Stored entries:
-- -- --

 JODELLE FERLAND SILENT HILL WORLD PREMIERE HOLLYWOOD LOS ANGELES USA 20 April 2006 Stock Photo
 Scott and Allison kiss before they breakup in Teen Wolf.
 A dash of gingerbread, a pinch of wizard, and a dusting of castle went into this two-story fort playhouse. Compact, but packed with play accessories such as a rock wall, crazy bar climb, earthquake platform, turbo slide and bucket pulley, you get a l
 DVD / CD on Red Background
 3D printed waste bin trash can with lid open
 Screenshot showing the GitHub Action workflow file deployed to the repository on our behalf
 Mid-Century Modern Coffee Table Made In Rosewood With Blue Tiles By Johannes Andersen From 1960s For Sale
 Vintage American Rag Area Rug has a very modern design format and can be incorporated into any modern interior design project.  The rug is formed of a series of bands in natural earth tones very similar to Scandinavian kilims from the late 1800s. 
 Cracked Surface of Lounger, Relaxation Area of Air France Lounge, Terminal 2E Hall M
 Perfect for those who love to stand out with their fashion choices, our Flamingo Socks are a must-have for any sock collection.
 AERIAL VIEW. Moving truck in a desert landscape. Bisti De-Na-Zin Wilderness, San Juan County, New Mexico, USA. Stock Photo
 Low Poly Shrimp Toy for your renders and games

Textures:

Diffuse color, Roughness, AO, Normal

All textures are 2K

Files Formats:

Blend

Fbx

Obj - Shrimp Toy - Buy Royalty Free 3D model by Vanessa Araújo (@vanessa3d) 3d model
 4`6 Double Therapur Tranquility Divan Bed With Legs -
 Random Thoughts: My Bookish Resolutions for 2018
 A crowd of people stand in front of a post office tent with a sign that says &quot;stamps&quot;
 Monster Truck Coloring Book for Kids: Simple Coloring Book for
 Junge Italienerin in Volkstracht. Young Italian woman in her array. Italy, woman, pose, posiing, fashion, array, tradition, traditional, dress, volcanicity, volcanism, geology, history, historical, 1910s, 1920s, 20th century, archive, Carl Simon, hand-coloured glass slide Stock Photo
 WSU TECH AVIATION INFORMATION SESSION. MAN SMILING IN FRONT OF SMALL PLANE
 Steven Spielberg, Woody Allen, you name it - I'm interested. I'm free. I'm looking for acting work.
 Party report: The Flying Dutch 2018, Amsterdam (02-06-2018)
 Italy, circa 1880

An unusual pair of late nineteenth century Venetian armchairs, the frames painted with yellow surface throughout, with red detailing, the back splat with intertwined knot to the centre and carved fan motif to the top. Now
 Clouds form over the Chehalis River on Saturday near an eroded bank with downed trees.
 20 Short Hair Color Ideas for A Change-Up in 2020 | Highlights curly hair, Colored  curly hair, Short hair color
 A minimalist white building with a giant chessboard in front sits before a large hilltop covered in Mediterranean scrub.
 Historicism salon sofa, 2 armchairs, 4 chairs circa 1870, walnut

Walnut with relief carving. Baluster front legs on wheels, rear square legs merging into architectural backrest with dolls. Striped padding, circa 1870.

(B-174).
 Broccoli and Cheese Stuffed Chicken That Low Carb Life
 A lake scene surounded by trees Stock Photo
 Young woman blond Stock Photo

-- -- --

Requirement:
The full set of records, transcribed exactly, is the answer.

Exercise answer:
 JODELLE FERLAND SILENT HILL WORLD PREMIERE HOLLYWOOD LOS ANGELES USA 20 April 2006 Stock Photo
 Scott and Allison kiss before they breakup in Teen Wolf.
 A dash of gingerbread, a pinch of wizard, and a dusting of castle went into this two-story fort playhouse. Compact, but packed with play accessories such as a rock wall, crazy bar climb, earthquake platform, turbo slide and bucket pulley, you get a l
 DVD / CD on Red Background
 3D printed waste bin trash can with lid open
 Screenshot showing the GitHub Action workflow file deployed to the repository on our behalf
 Mid-Century Modern Coffee Table Made In Rosewood With Blue Tiles By Johannes Andersen From 1960s For Sale
 Vintage American Rag Area Rug has a very modern design format and can be incorporated into any modern interior design project.  The rug is formed of a series of bands in natural earth tones very similar to Scandinavian kilims from the late 1800s. 
 Cracked Surface of Lounger, Relaxation Area of Air France Lounge, Terminal 2E Hall M
 Perfect for those who love to stand out with their fashion choices, our Flamingo Socks are a must-have for any sock collection.
 AERIAL VIEW. Moving truck in a desert landscape. Bisti De-Na-Zin Wilderness, San Juan County, New Mexico, USA. Stock Photo
 Low Poly Shrimp Toy for your renders and games

Textures:

Diffuse color, Roughness, AO, Normal

All textures are 2K

Files Formats:

Blend

Fbx

Obj - Shrimp Toy - Buy Royalty Free 3D model by Vanessa Araújo (@vanessa3d) 3d model
 4`6 Double Therapur Tranquility Divan Bed With Legs -
 Random Thoughts: My Bookish Resolutions for 2018
 A crowd of people stand in front of a post office tent with a sign that says &quot;stamps&quot;
 Monster Truck Coloring Book for Kids: Simple Coloring Book for
 Junge Italienerin in Volkstracht. Young Italian woman in her array. Italy, woman, pose, posiing, fashion, array, tradition, traditional, dress, volcanicity, volcanism, geology, history, historical, 1910s, 1920s, 20th century, archive, Carl Simon, hand-coloured glass slide Stock Photo
 WSU TECH AVIATION INFORMATION SESSION. MAN SMILING IN FRONT OF SMALL PLANE
 Steven Spielberg, Woody Allen, you name it - I'm interested. I'm free. I'm looking for acting work.
 Party report: The Flying Dutch 2018, Amsterdam (02-06-2018)
 Italy, circa 1880

An unusual pair of late nineteenth century Venetian armchairs, the frames painted with yellow surface throughout, with red detailing, the back splat with intertwined knot to the centre and carved fan motif to the top. Now
 Clouds form over the Chehalis River on Saturday near an eroded bank with downed trees.
 20 Short Hair Color Ideas for A Change-Up in 2020 | Highlights curly hair, Colored  curly hair, Short hair color
 A minimalist white building with a giant chessboard in front sits before a large hilltop covered in Mediterranean scrub.
 Historicism salon sofa, 2 armchairs, 4 chairs circa 1870, walnut

Walnut with relief carving. Baluster front legs on wheels, rear square legs merging into architectural backrest with dolls. Striped padding, circa 1870.

(B-174).
 Broccoli and Cheese Stuffed Chicken That Low Carb Life
 A lake scene surounded by trees Stock Photo
 Young woman blond Stock Photo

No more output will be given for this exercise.